We've completely overhauled the interactive web application to provide a production-grade, scientific benchmarking experience directly in your browser.

**Tech Stack & Architecture:**
- **Frontend**: Pure HTML/CSS/Vanilla JS. Built with a custom "Midnight Precision" design system featuring glassmorphism, dynamic data-aware input generation, and theme-aware custom scrollbars.
- **Backend**: Python with FastAPI and Scikit-Learn/Scipy.
- **Visualizations**: Chart.js for rendering dynamic metric comparisons.

**Key Features Built:**
- **Midnight Precision Aesthetics**: A premium, ultra-modern UI featuring animated liquid gradients, responsive design, and seamless user interaction flows.
- **Advanced Ensemble Engine**: Automatically builds and benchmarks Meta-Models on the fly:
  - *Voting Ensembles*: Soft-voting probabilities across top models.

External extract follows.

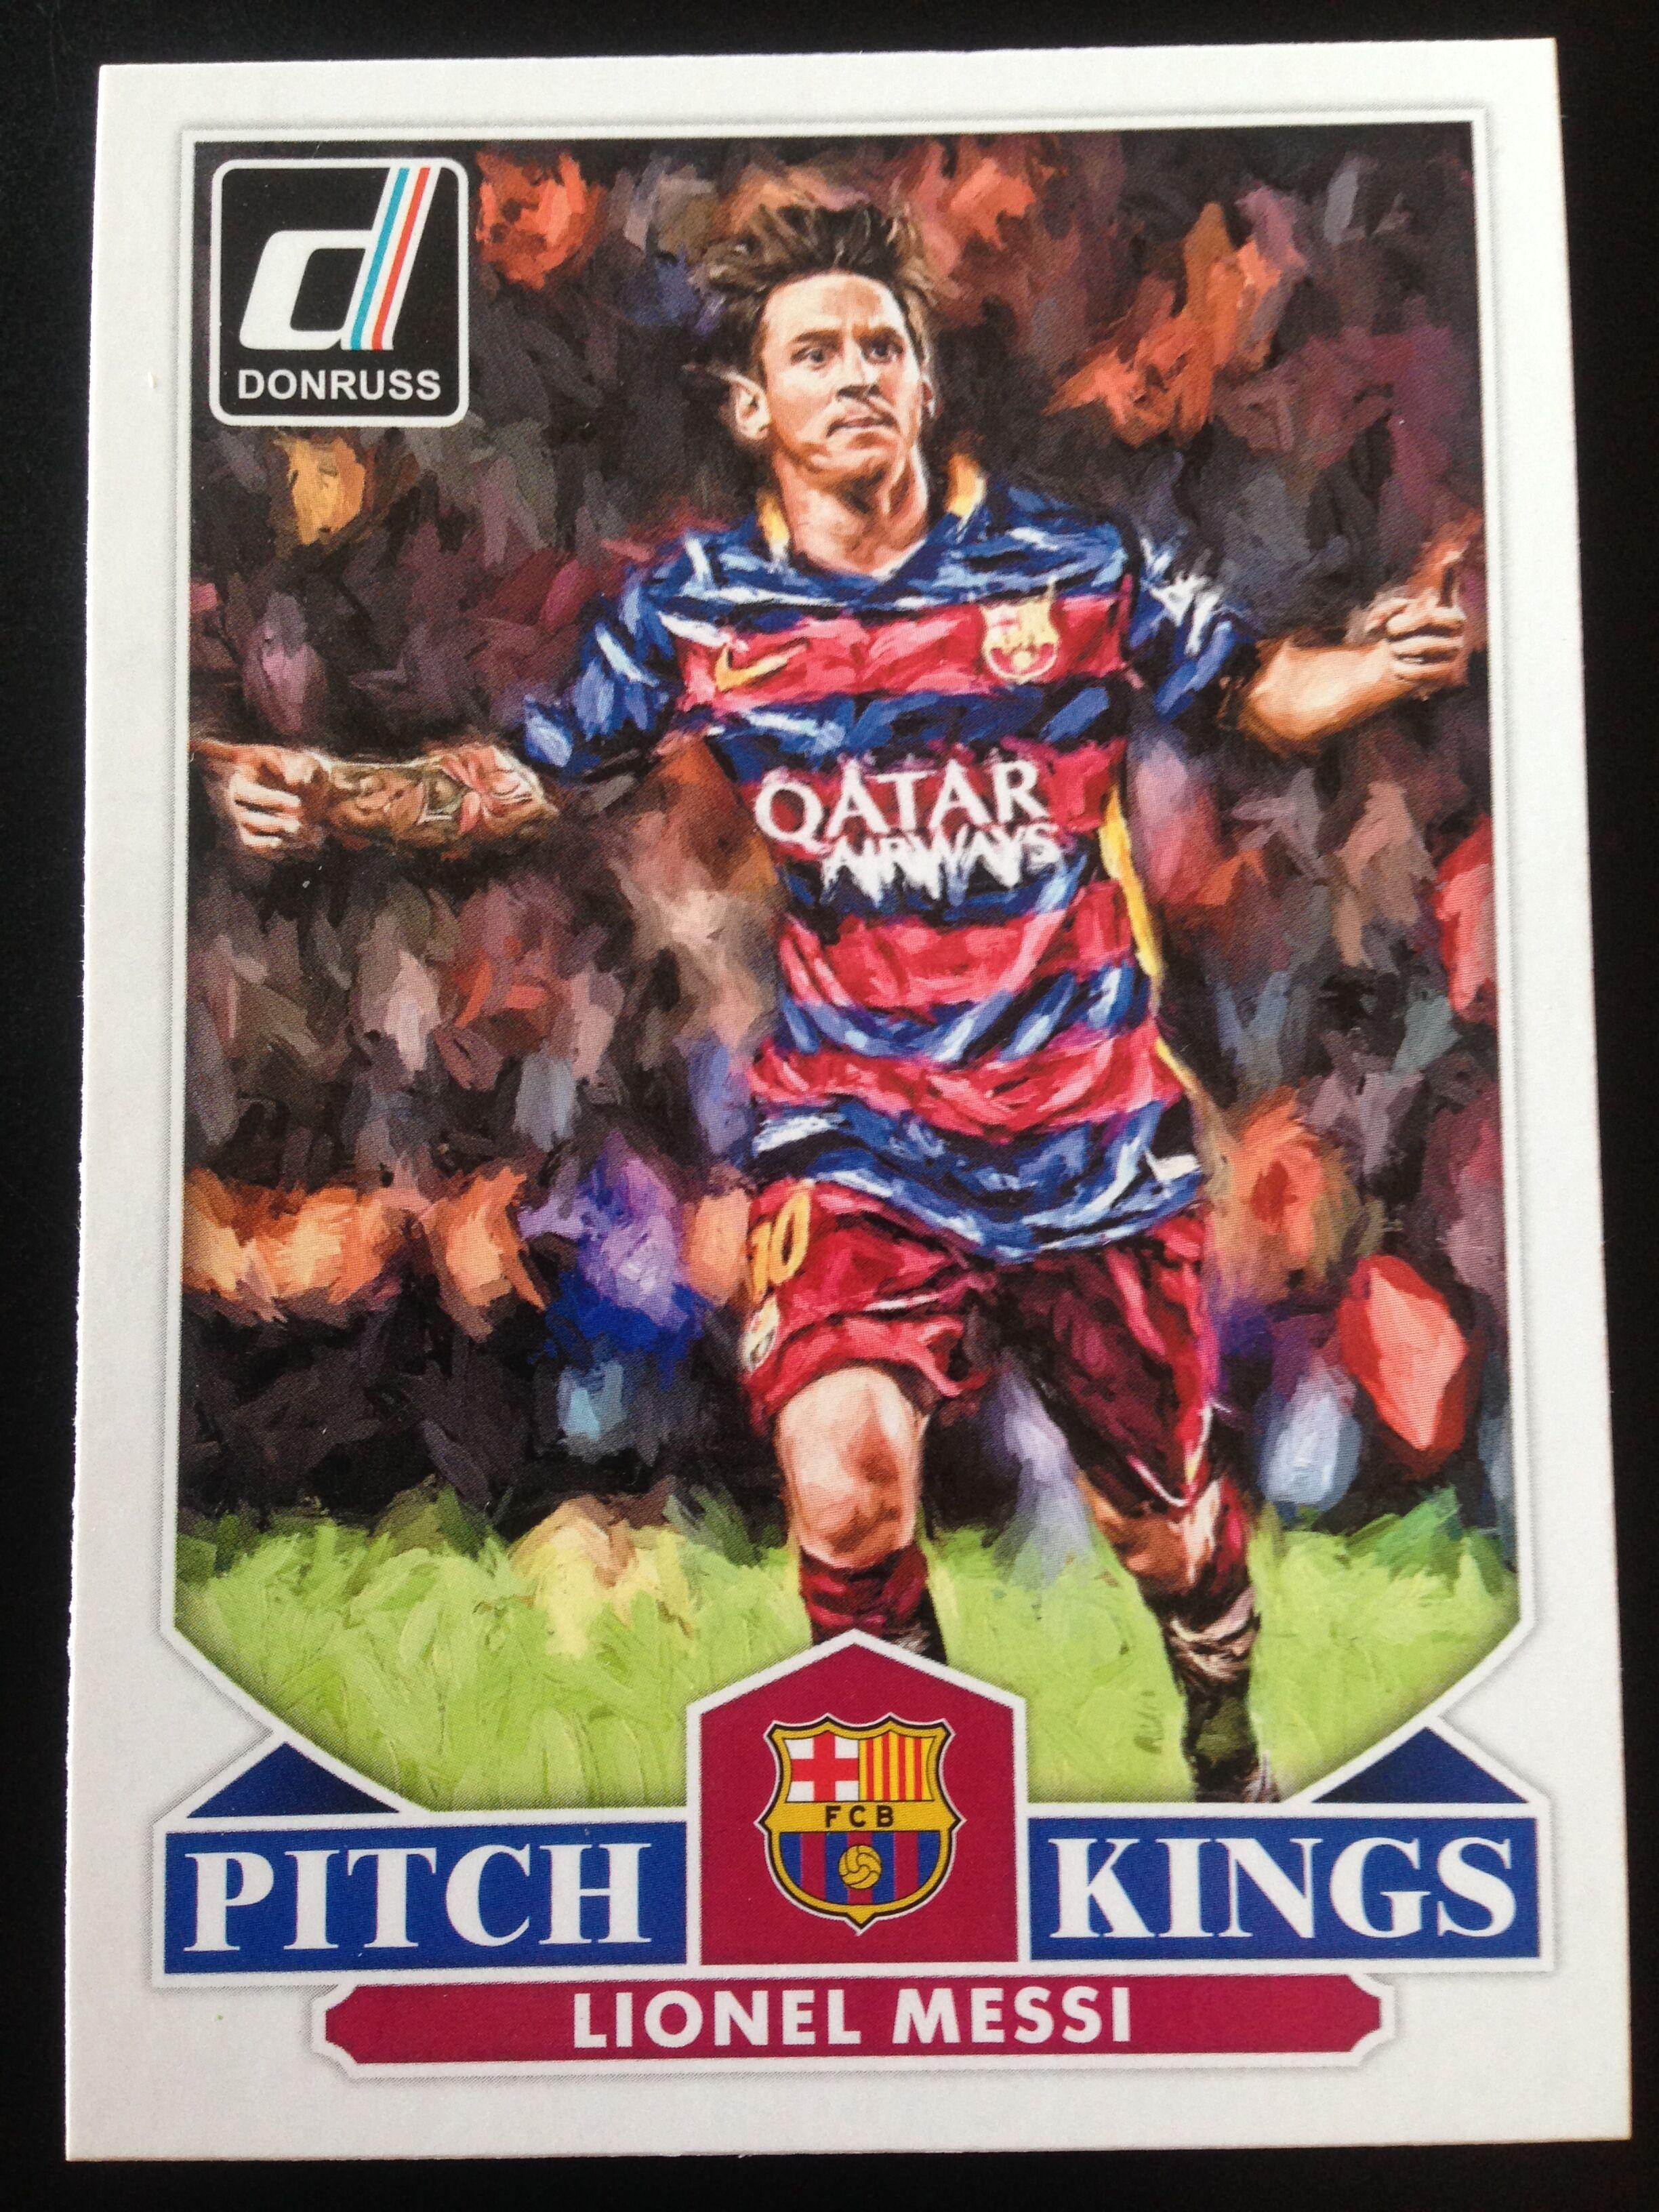 2015 donruss 梅西 巴塞罗那 pitch kings 特卡 no.17

  - *Stacking Ensembles*: Sklearn-native meta-learning (LogisticRegression/Ridge) layered on top of base models.
- **Statistical Rigor & Ranking**: Moves beyond simple average scores to actual scientific analysis:
  - *Cross-Fold Ranking*: Olympic-style "min" ranking across all CV folds.

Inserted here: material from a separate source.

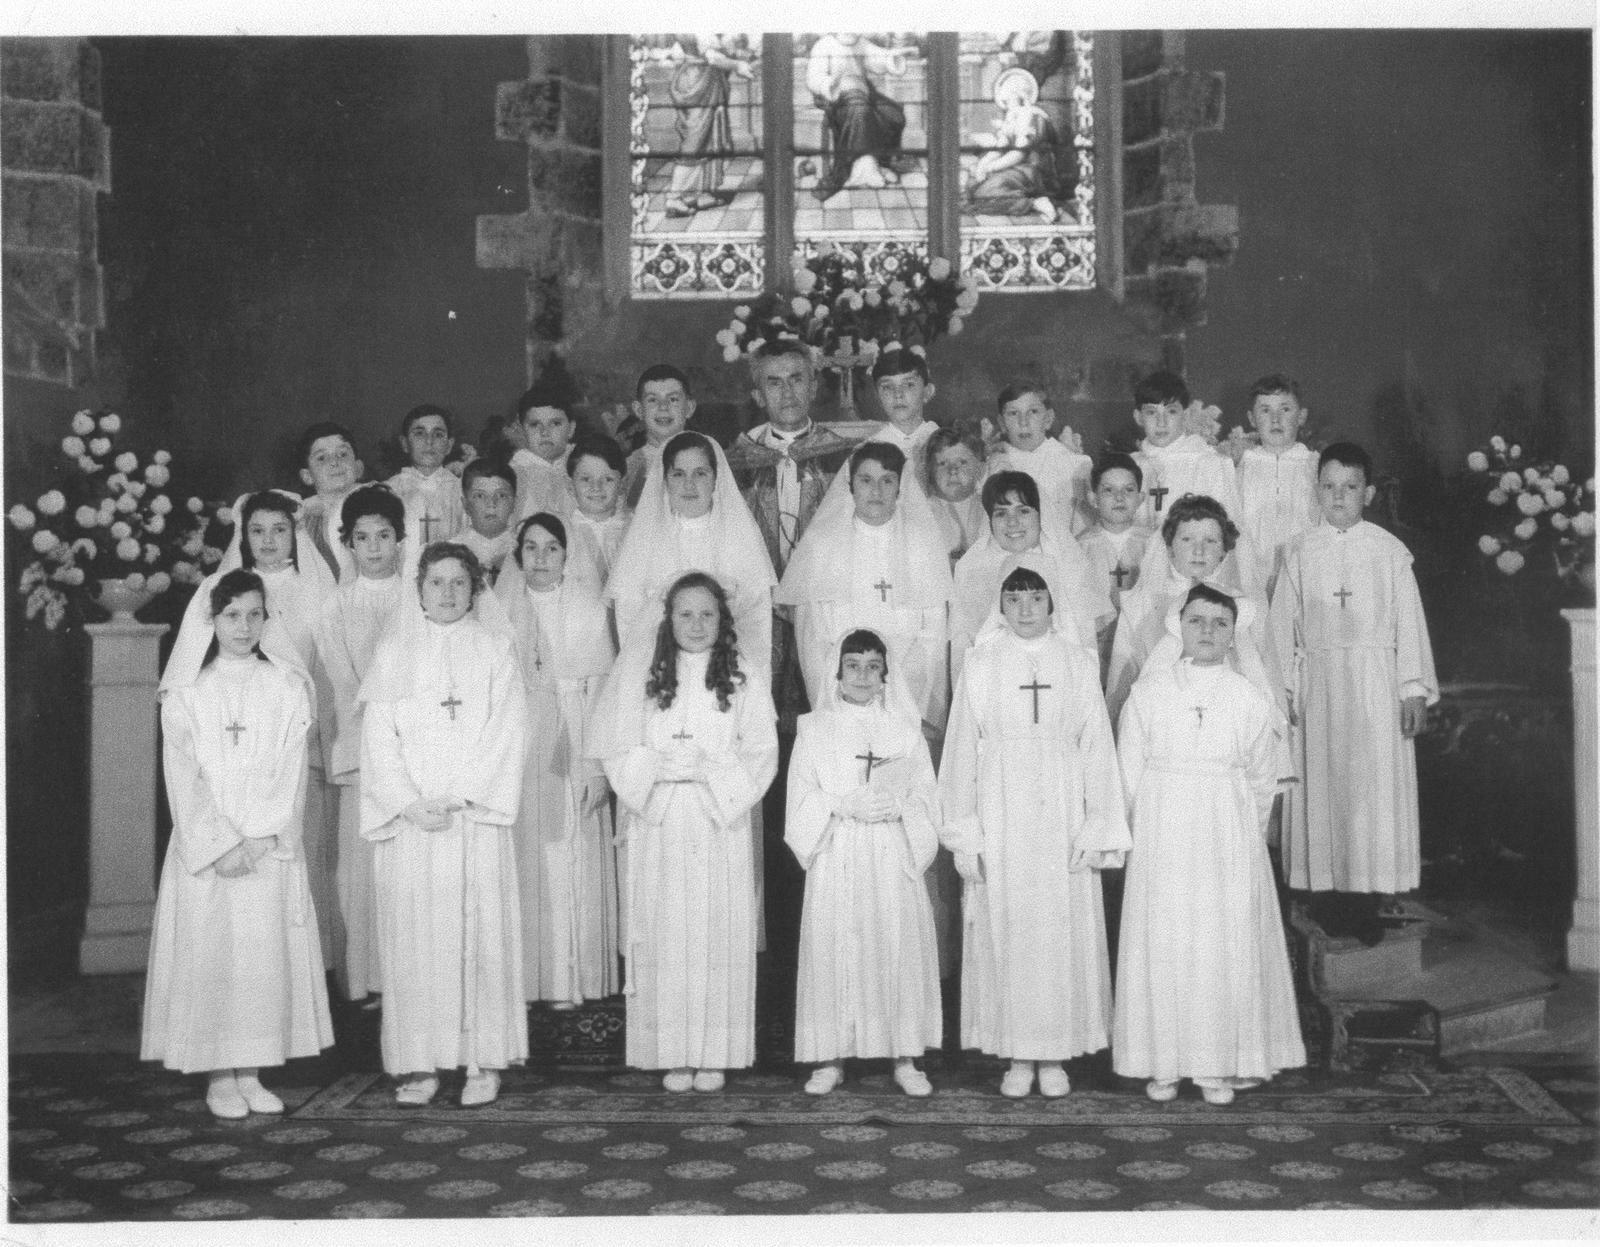 Généalogie marcoussis la fête de la rosière photos.1955et1965

  - *Friedman Significance Testing*: Computes P-Values to formally test if the champion model's lead is statistically significant.
  - *Stability Badges*: Automatically tags models as 'Dominant', 'Competitive', or 'Volatile' based on their consistency in winning folds.
- **Interactive Live Playground**: Once the benchmark finishes, a live interface is generated. 
  - *Stateful Pipeline*: The backend caches the exact `LabelEncoder` states from the training phase, ensuring the live playground data is mathematically aligned with the original dataset.
  - *Data-Aware UI*: Input fields dynamically adapt to numeric or categorical columns based on backend typing.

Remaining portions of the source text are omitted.